INPUT:

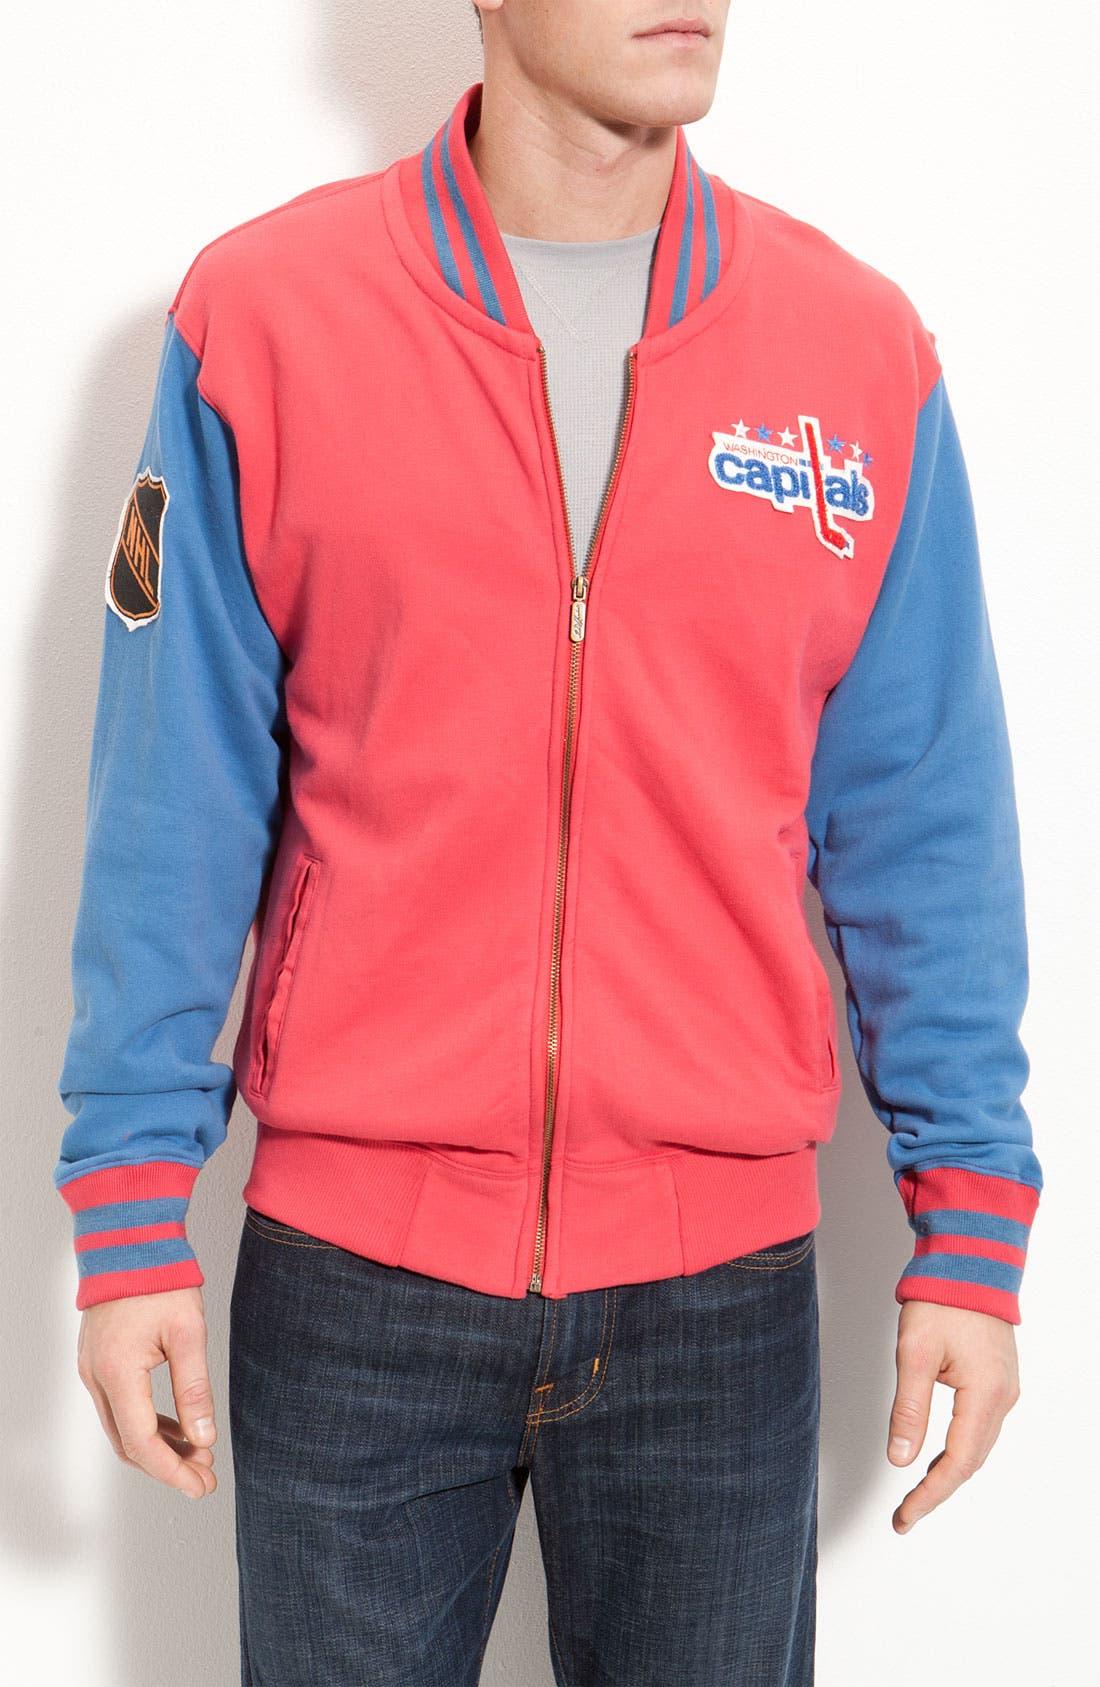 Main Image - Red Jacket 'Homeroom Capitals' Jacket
* * *
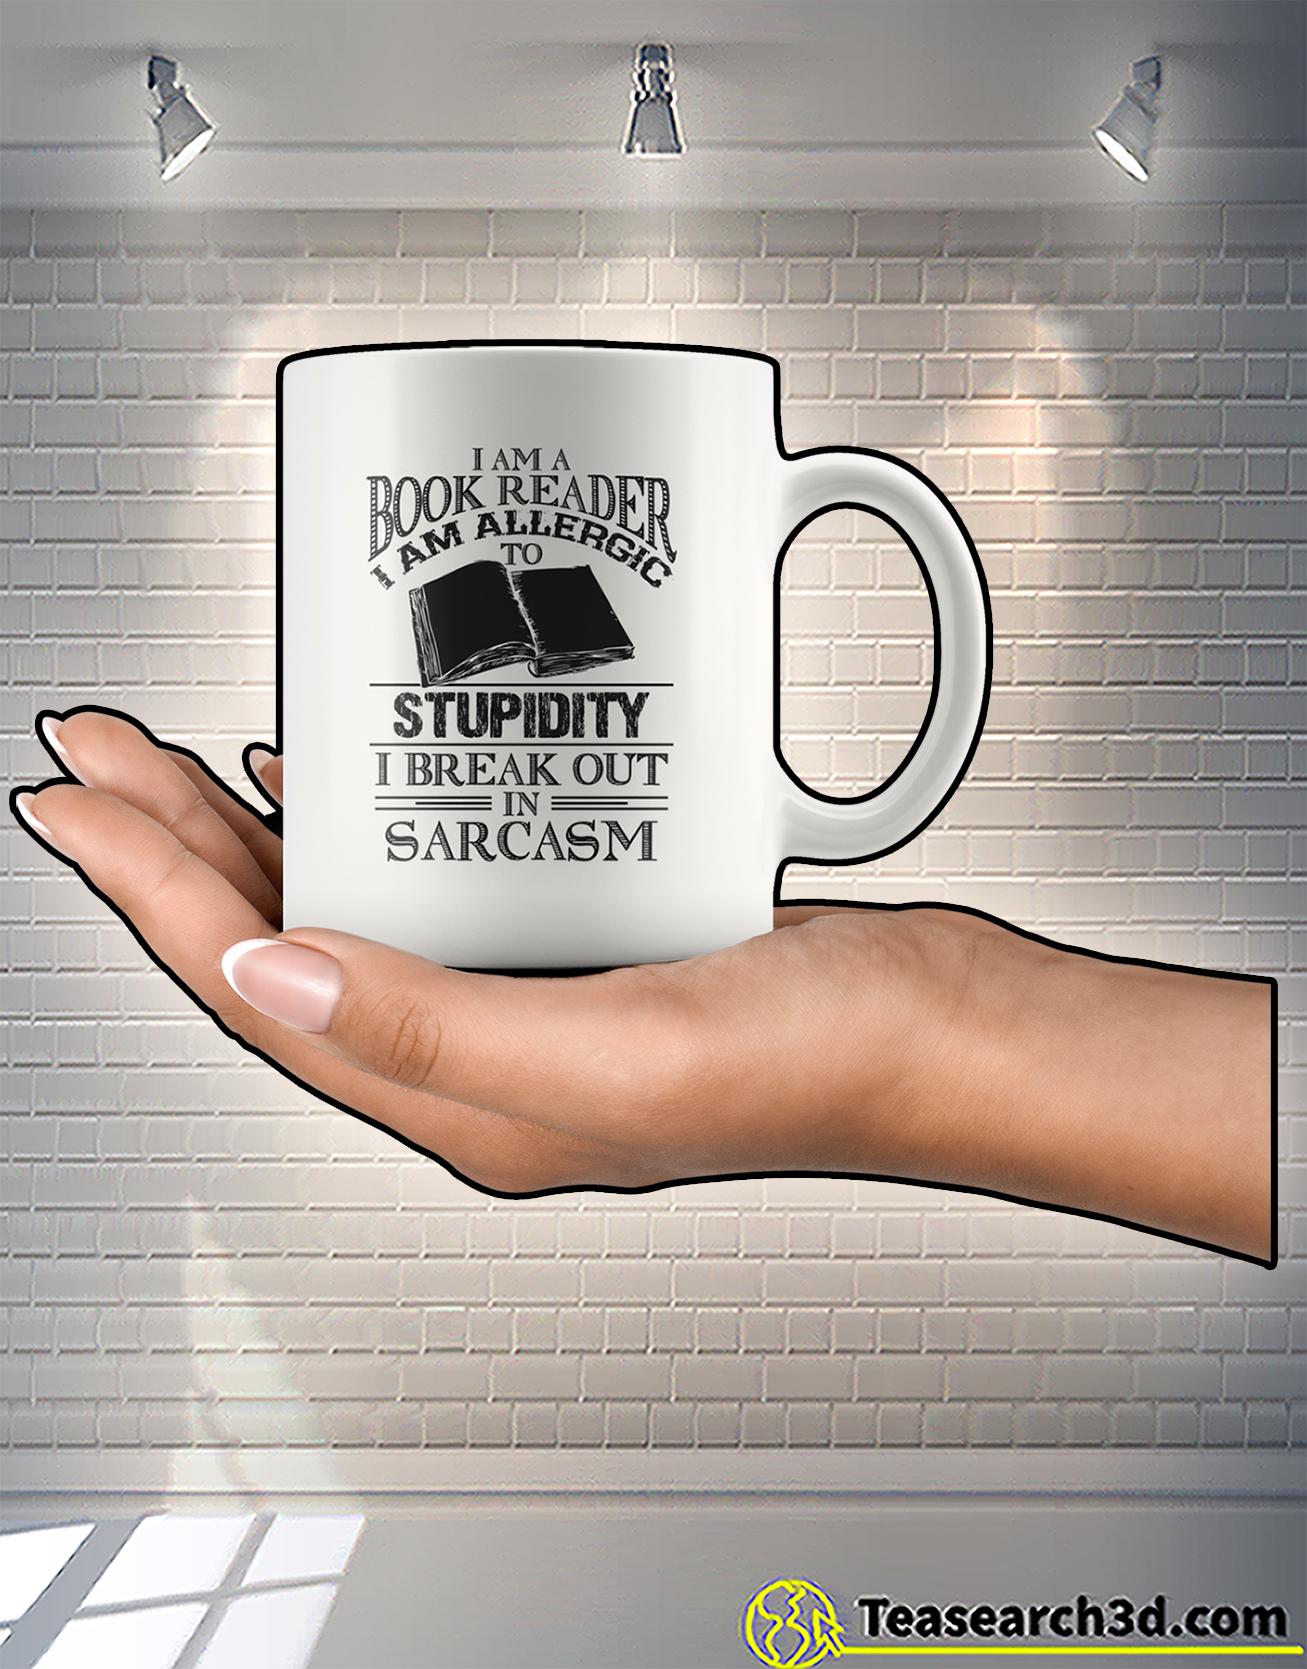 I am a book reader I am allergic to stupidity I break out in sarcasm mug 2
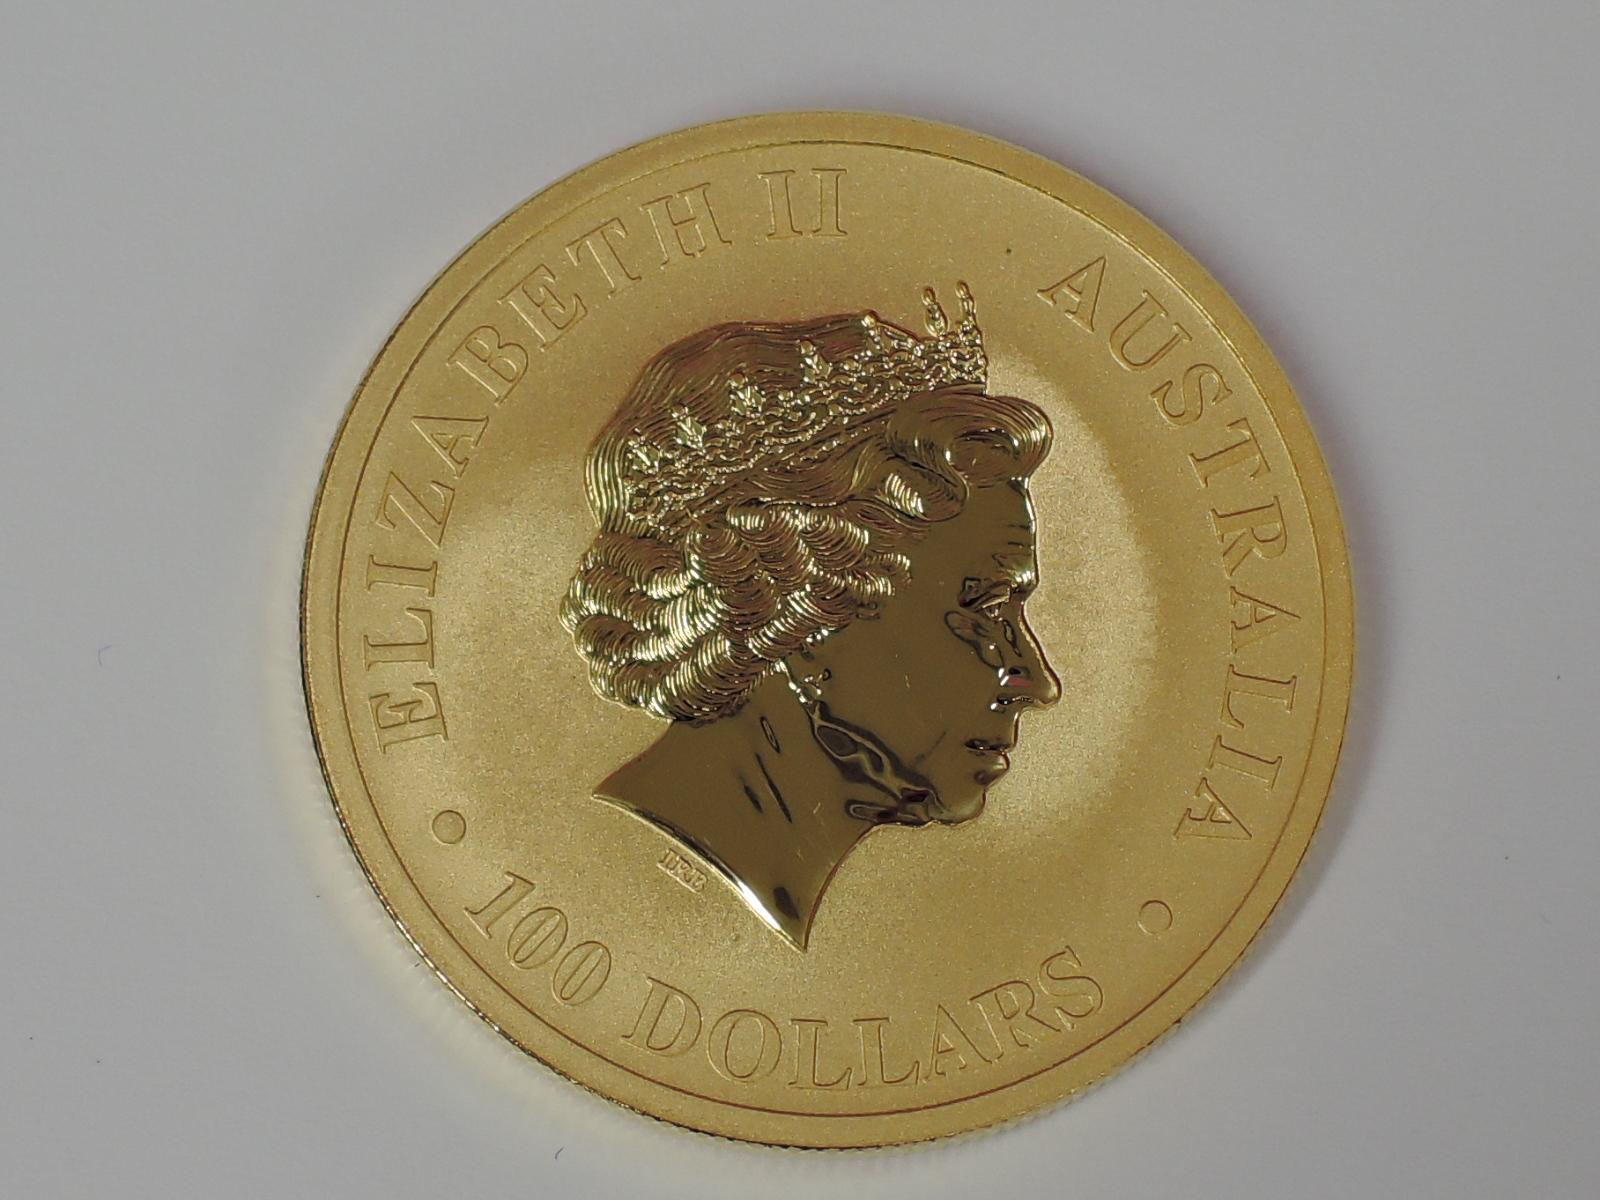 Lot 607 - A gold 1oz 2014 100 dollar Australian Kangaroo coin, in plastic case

REQUIREMENT: Set down, exactly as written above, each line from the one with "I am a book" through the one with "Lot 607 - A", and skip the pictures.

ANSWER TO THE EXERCISE:
 I am a book reader I am allergic to stupidity I break out in sarcasm mug 2
 Lot 607 - A gold 1oz 2014 100 dollar Australian Kangaroo coin, in plastic case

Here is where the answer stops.